# Fastest way to combine pre-sorted lists?

I need to combine two long, already-sorted lists into one sorted list. My effort below takes advantage of the fact that the lists are already sorted; but it's far slower than just using Join and Sort, which ignore the fact that the lists were sorted.

a = Sort[RandomInteger[10^8, 10^6]];
b = Sort[RandomInteger[10^8, 10^7]];
Timing[c1 = Sort[Flatten[{a, b}]];]
Timing[c2 = Sort[Join[a, b]];]

Timing[
aIndex = 1;
bIndex = 1;
c3 = ConstantArray[0, Length[a] + Length[b]];
cIndex = 1;
While[aIndex <= Length[a] && bIndex <= Length[b],c3[[cIndex++]] = If[a[[aIndex]] <= b[[bIndex]], a[[aIndex++]], b[[bIndex++]]]];

c3[[cIndex ;; Length[c3]]] = If[aIndex > Length[a], b[[bIndex ;; Length[b]]], a[[aIndex ;; Length[a]]]];]

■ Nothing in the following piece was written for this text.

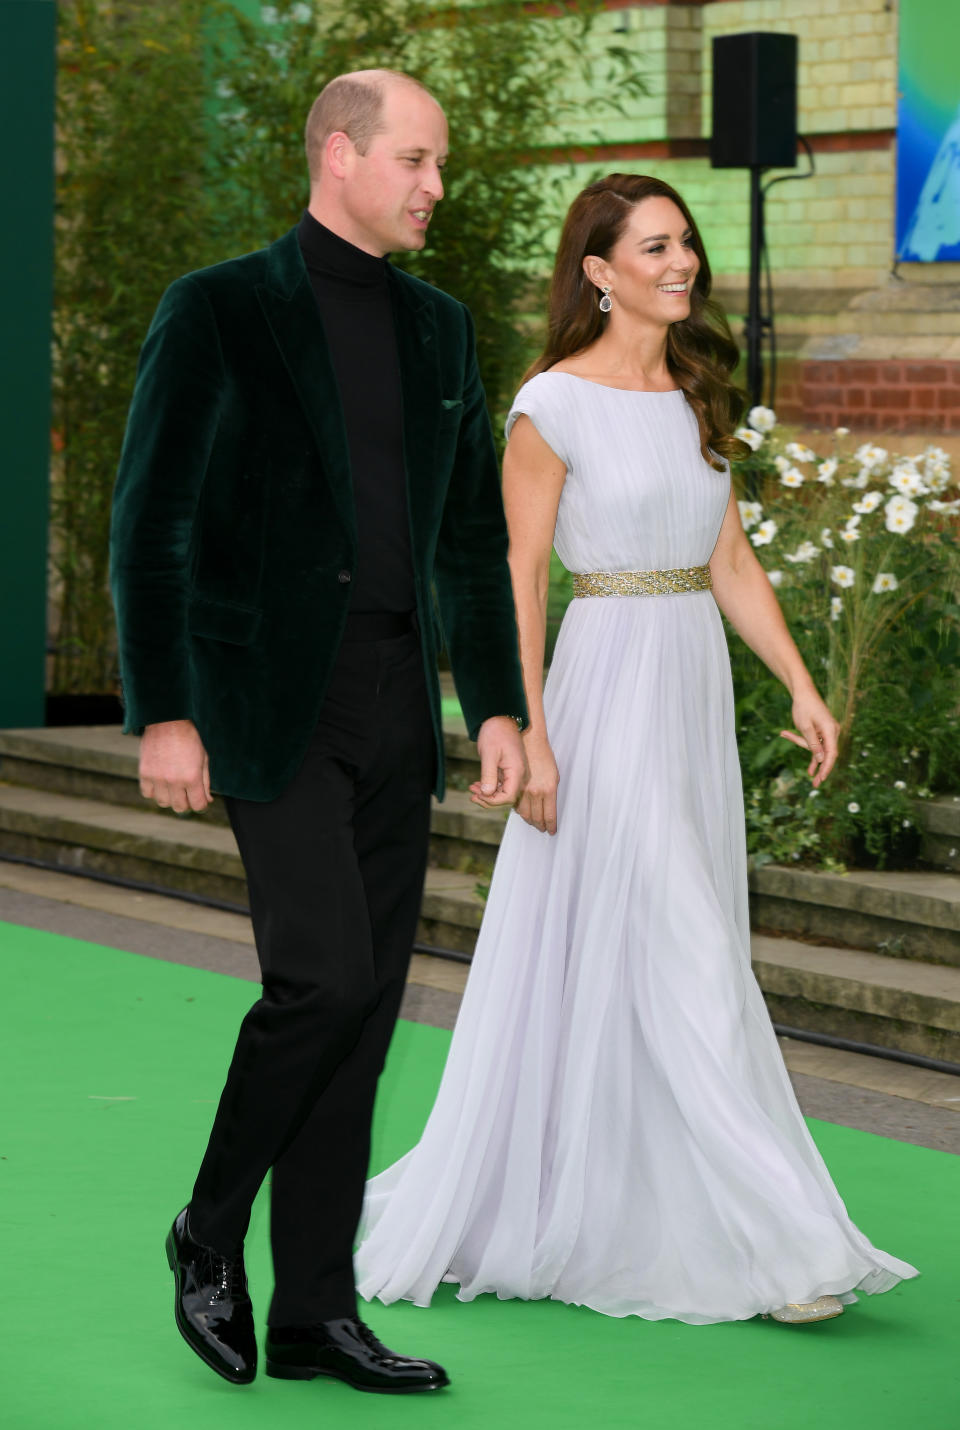 Prince William and Kate Middleton attend the 2021 Earthshot Prize ceremony at Alexandra Palace in London. - Credit: Splash

(* {1.14063, Null} {0.24063, Null} {70.4063, Null} *)

Can we do better?

• Intuitively (although I might be wrong, of course) I think that you won't achieve any substantial improvement compared to Sort@Join. The reason is that Sort is a very basic function, that I believe takes into account the hundreds known sorting algorithms, which are implemented in the most efficient way. (if it turns out I'm indeed wrong, let me know so that I can delete this comment.) Mar 13 '17 at 18:06
• Improvements are likely possible with a compiled function. The algorithm is largely correct. Mar 13 '17 at 18:33
• cf = Compile[{{x, _Real, 1}, {y, _Real, 1}}, Sort@Join[x, y]]; c4 = cf[a, b]; // AbsoluteTiming is by 15-17% slower than just Sort@Join[a,b]. Compiling c3-approach looks inefficient to me. Mar 13 '17 at 19:02
• Closely related to mathematica.stackexchange.com/questions/6931/…
– Alan
Mar 13 '17 at 20:35
• Sort is much faster on Join[a, b] than on random data of the same length, so to some extent it is taking advantage of the fact that the lists are sorted. e.g. x = Join[a, b]; y = Reverse[x]; z = RandomSample[x]; Timing[Sort[#];] & /@ {x, y, z} Mar 13 '17 at 22:13

I rewrote your procedural loop for a compiled function:

mergeSort = Compile[{{a, _Integer, 1}, {b, _Integer, 1}},
Block[{aIndex = 1, la = Length[a], lb = Length[b],
lc = Length[a] + Length[b],
bIndex = 1, cIndex = 1,
c3 = Table[0, {Length[a] + Length[b]}]},
For[cIndex = 1, aIndex <= la && bIndex <= lb, cIndex++,
c3[[cIndex]] =
If[a[[aIndex]] <= b[[bIndex]], a[[aIndex++]], b[[bIndex++]]]];
c3[[cIndex ;; lc]] =
If[aIndex > la, b[[bIndex ;; lb]], a[[aIndex ;; la]]];
c3]
, CompilationTarget -> "C", Parallelization -> True,
"RuntimeOptions" -> "Speed"]


I also went with corey's suggestion:

mergeSort2 = Compile[{{a, _Integer, 1}, {b, _Integer, 1}},
Sort[Join[a, b]]
, CompilationTarget -> "C", Parallelization -> True,
"RuntimeOptions" -> "Speed"]


The timings are very close.

RepeatedTiming[mergeSort[a, b];]
RepeatedTiming[Sort[Join[a, b]];]
RepeatedTiming[mergeSort2[a, b];]

{0.299, Null}
{0.33, Null}
{0.330, Null}


The list order doesn't make a difference:

RepeatedTiming[mergeSort[b, a];]
RepeatedTiming[Sort[Join[b, a]];]
RepeatedTiming[mergeSort2[b, a];]

{0.302, Null}
{0.271, Null}
{0.308, Null}


As you have seen in your tests, Sort@Flatten[{a,b}] is significantly slower. Turns out, this is unsurprising:

mergeSort3 = Compile[{{a, _Integer, 1}, {b, _Integer, 1}},
Sort[Flatten[{a, b}]]
, CompilationTarget -> "C", Parallelization -> True,
"RuntimeOptions" -> "Speed"]


Calling mergeSort3[a,b] returns errors about non-tensor objects being generated: indeed, {a, b} is a list of two lists of different lengths.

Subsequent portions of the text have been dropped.